**EXERCISE DIRECTIONS:** Your job is to give again, exactly and with no additions, the lines in the records below from the one with "Swedish Stockings Olivia" through the one with "VINTAGE ELECTRONI...の再生済みの波形", both included. Omit the pictures.

**DATA:**
------------------------------------------------------------------------

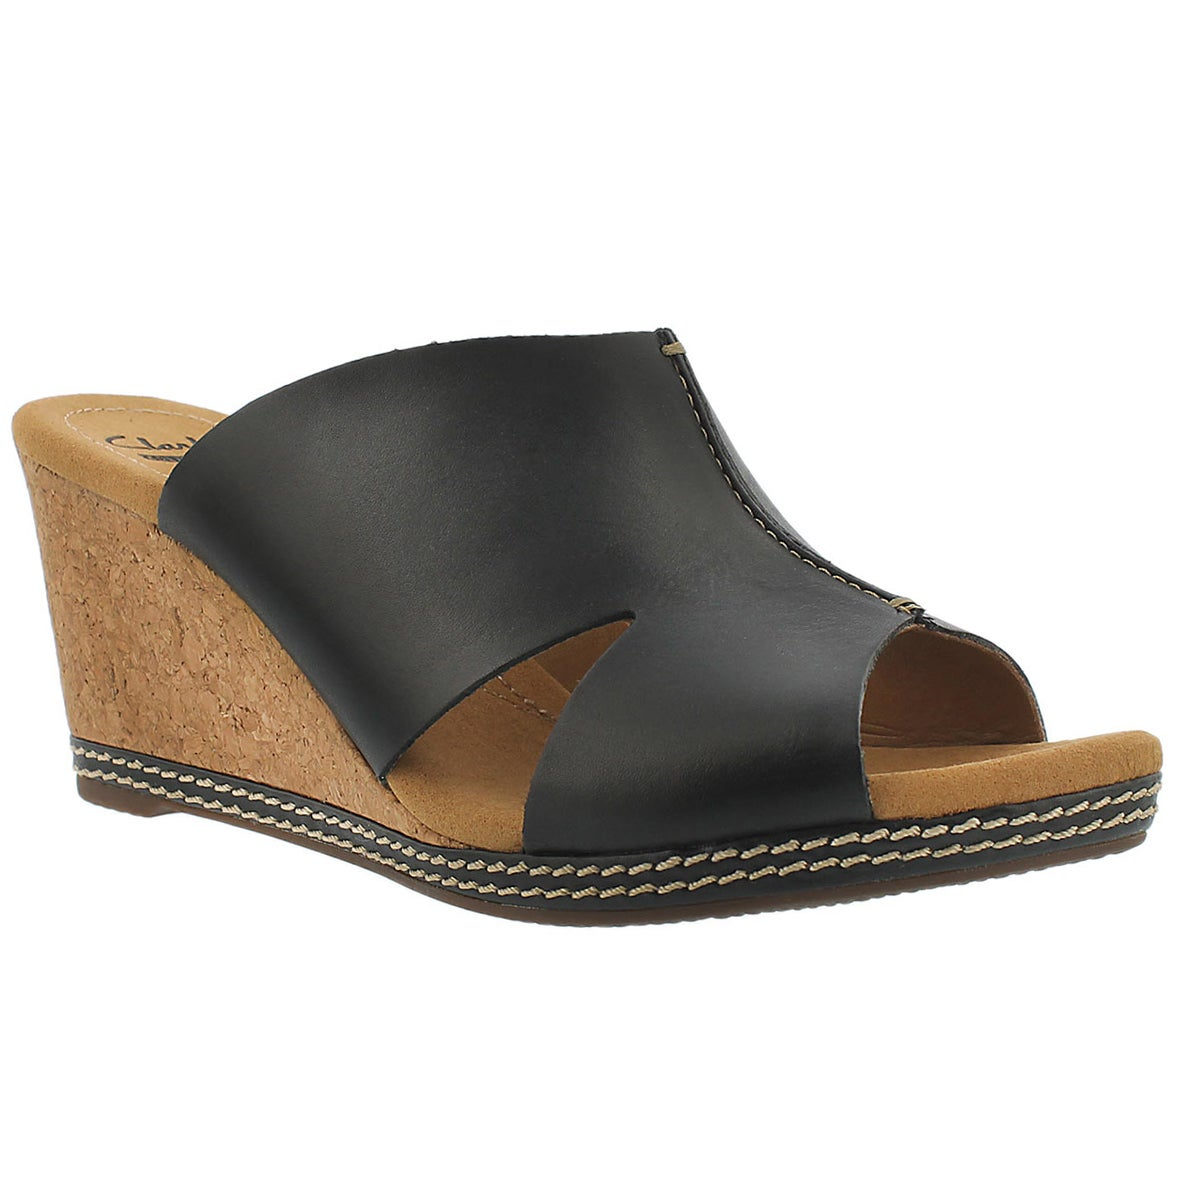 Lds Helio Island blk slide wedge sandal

------------------------------------------------------------------------

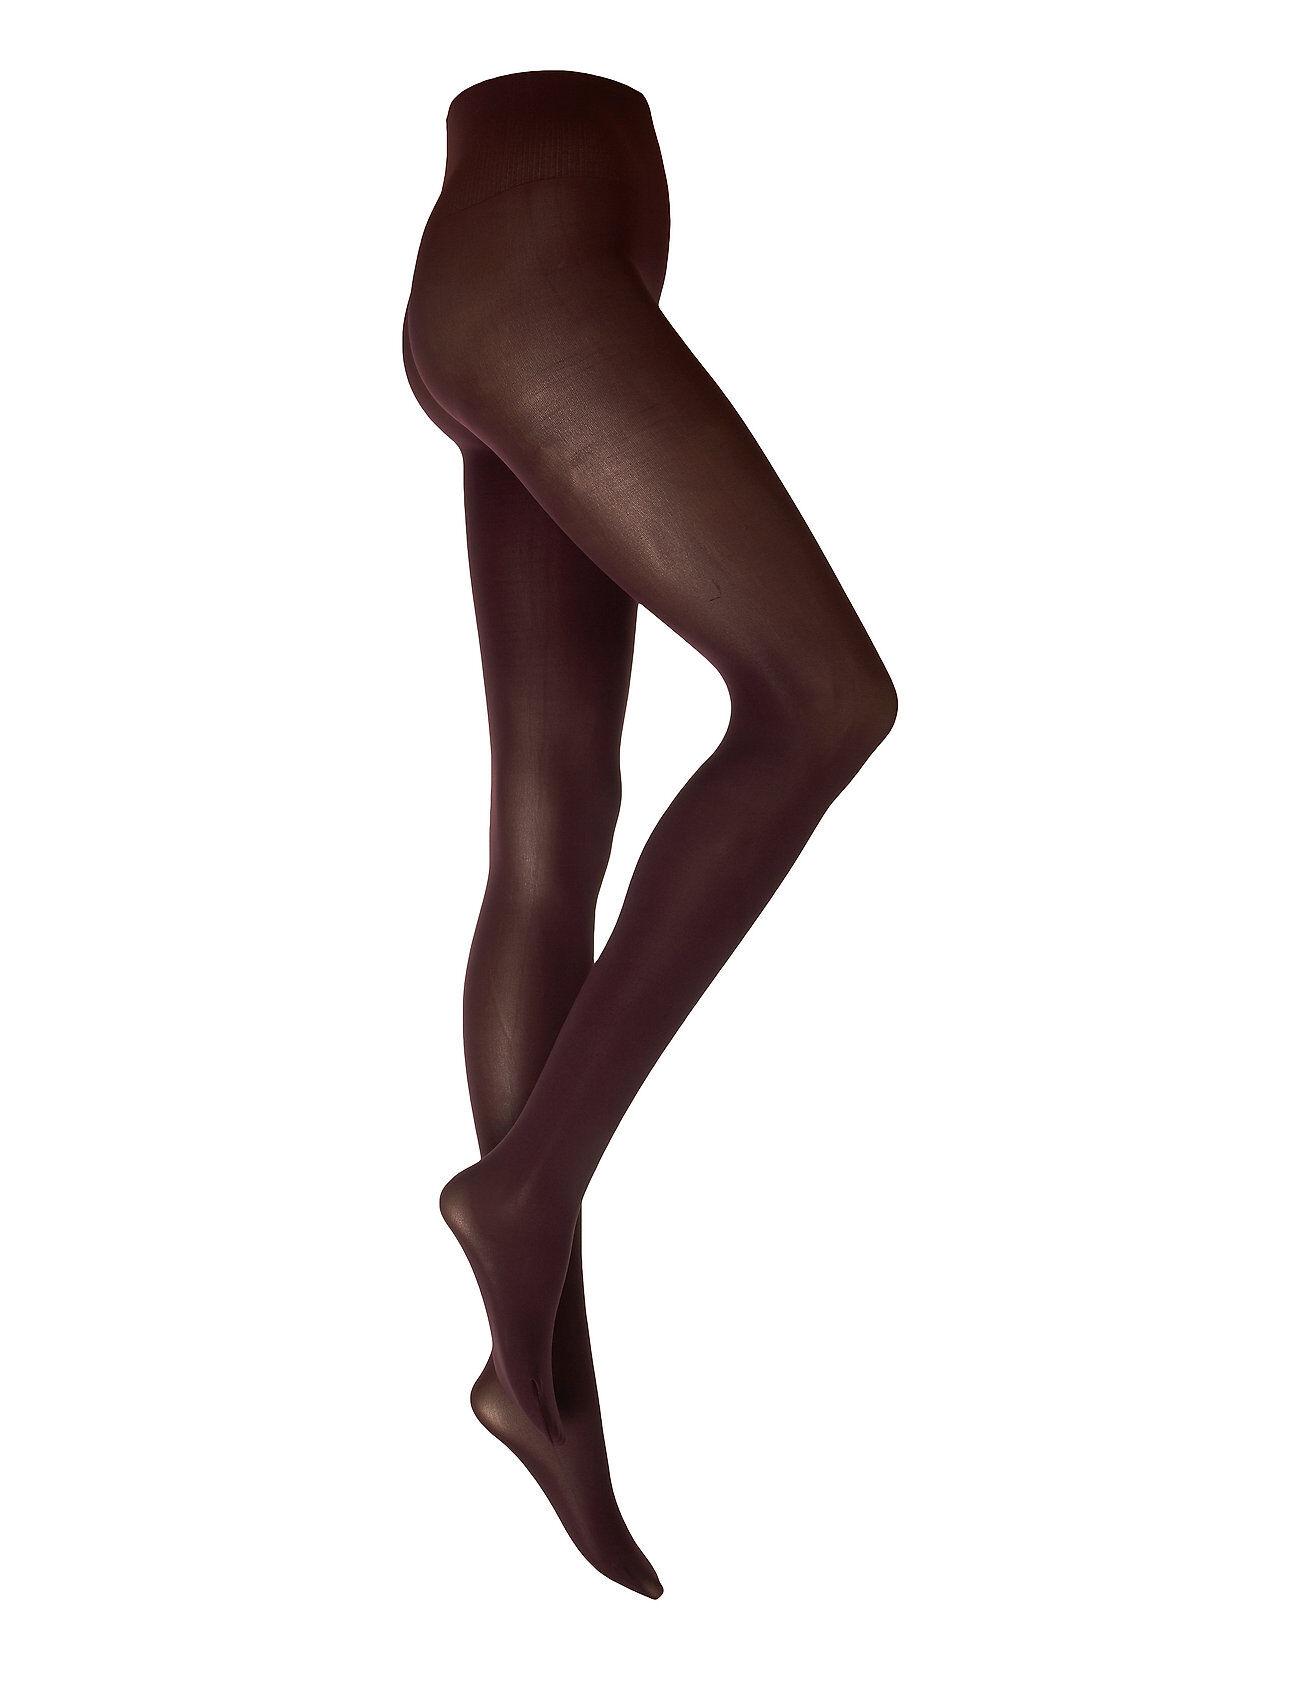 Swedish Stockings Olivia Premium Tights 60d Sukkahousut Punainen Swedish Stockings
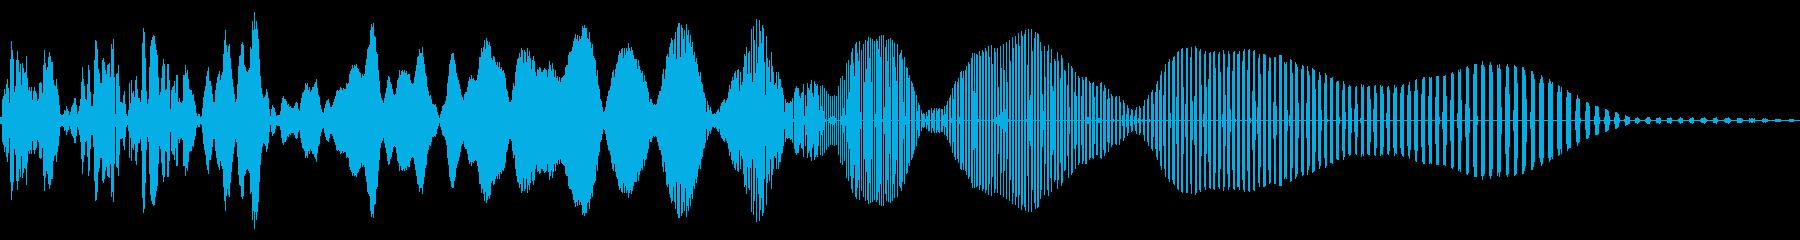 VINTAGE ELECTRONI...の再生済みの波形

------------------------------------------------------------------------

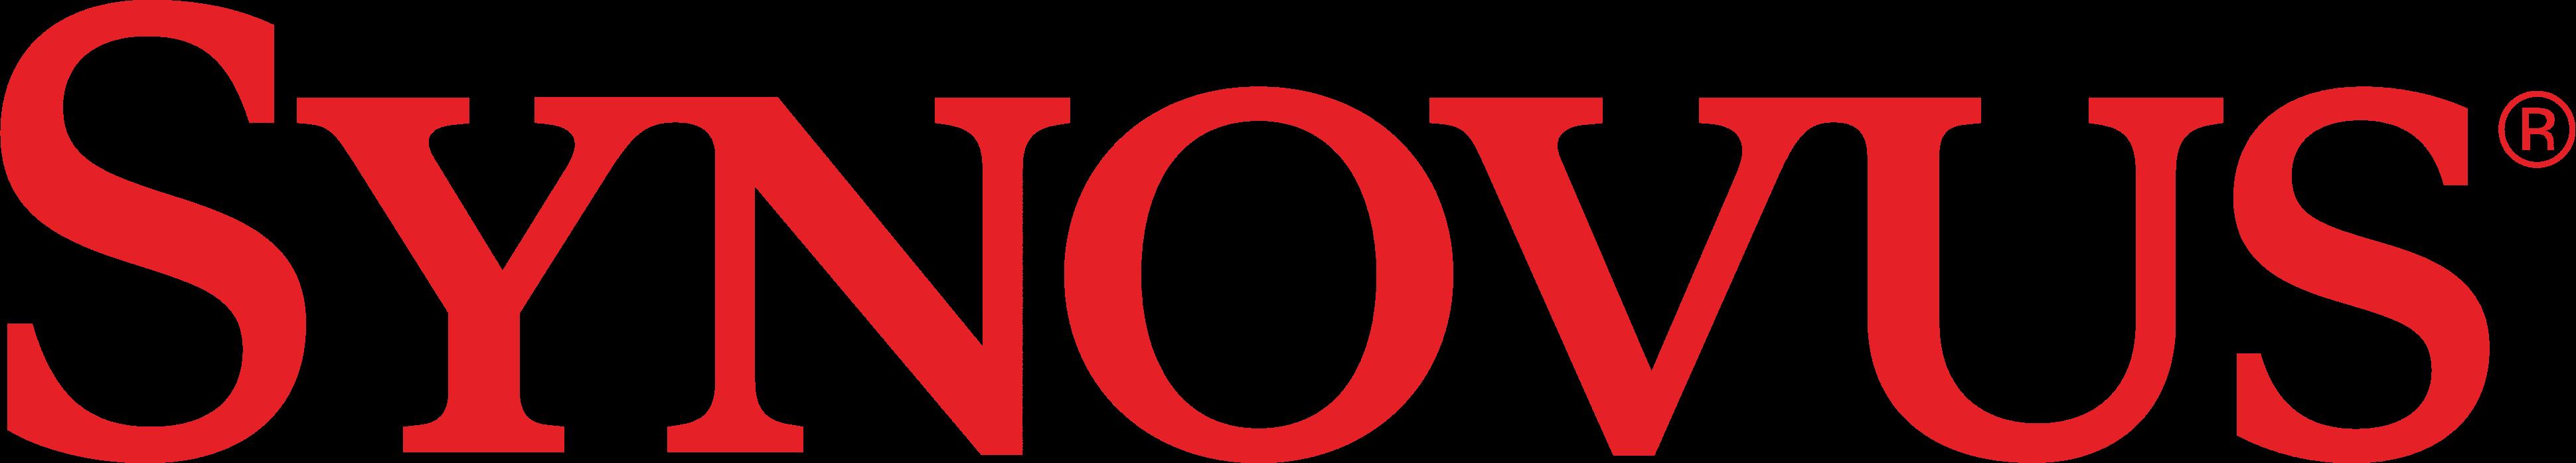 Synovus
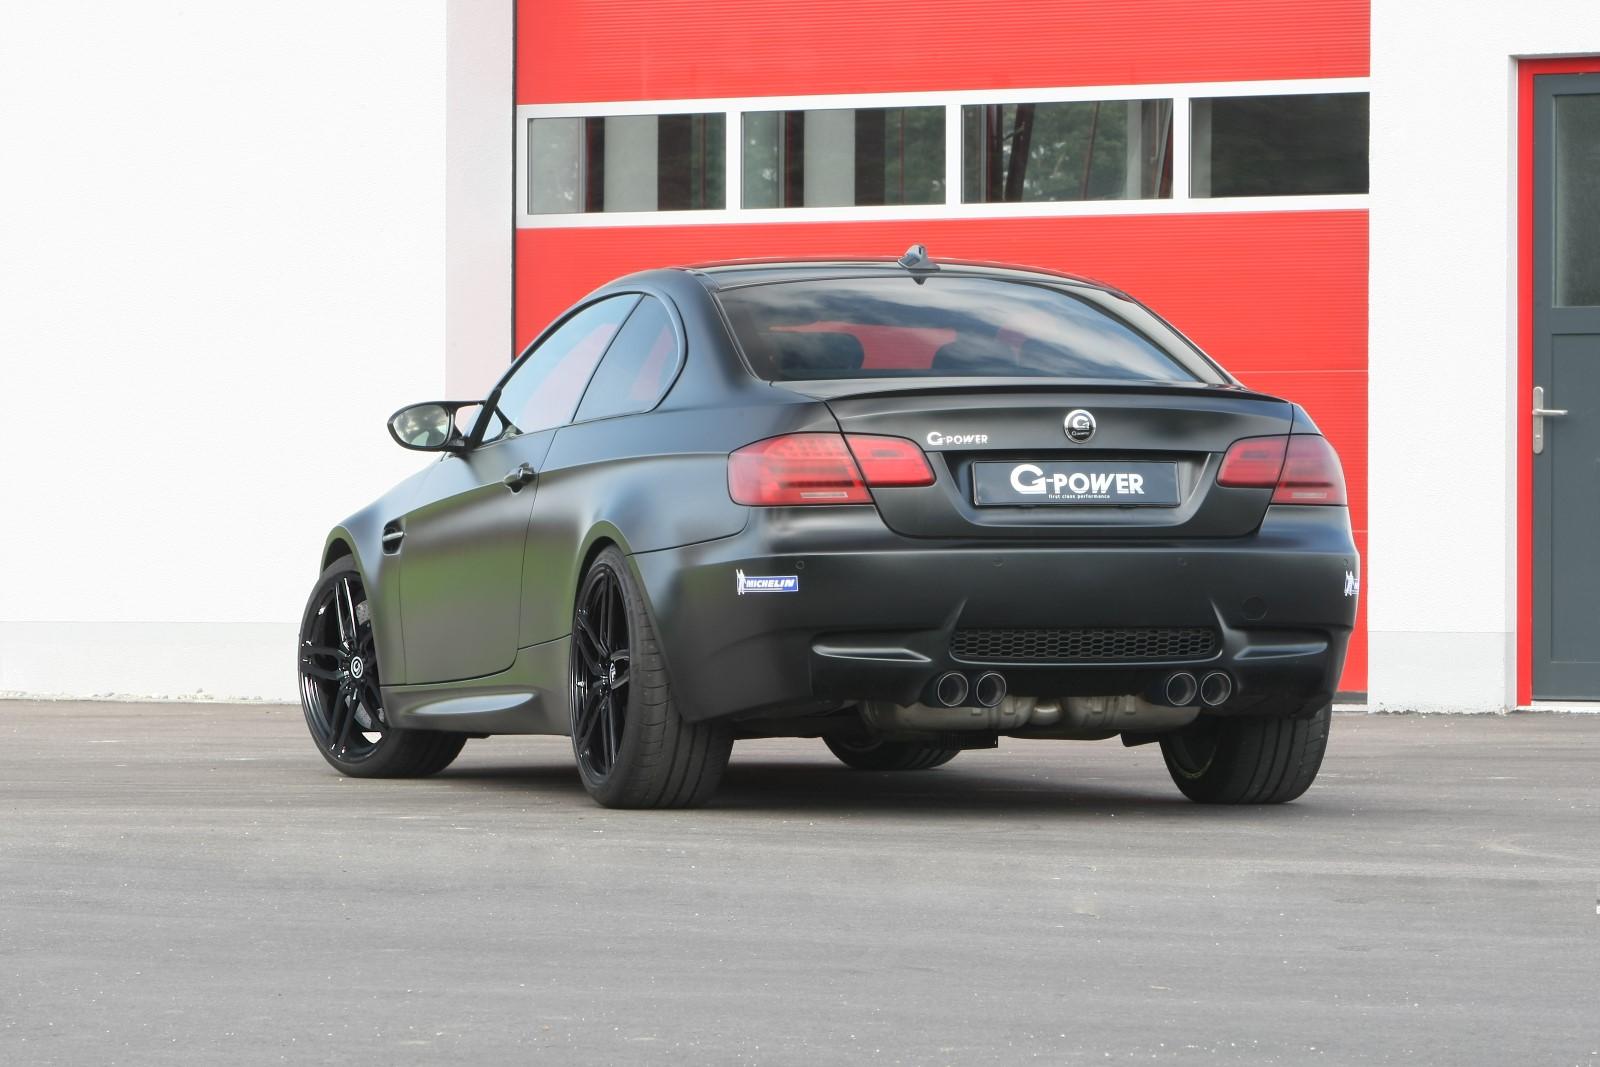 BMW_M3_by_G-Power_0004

------------------------------------------------------------------------

**ANSWER TO THE PROBLEM:**
 Swedish Stockings Olivia Premium Tights 60d Sukkahousut Punainen Swedish Stockings
 VINTAGE ELECTRONI...の再生済みの波形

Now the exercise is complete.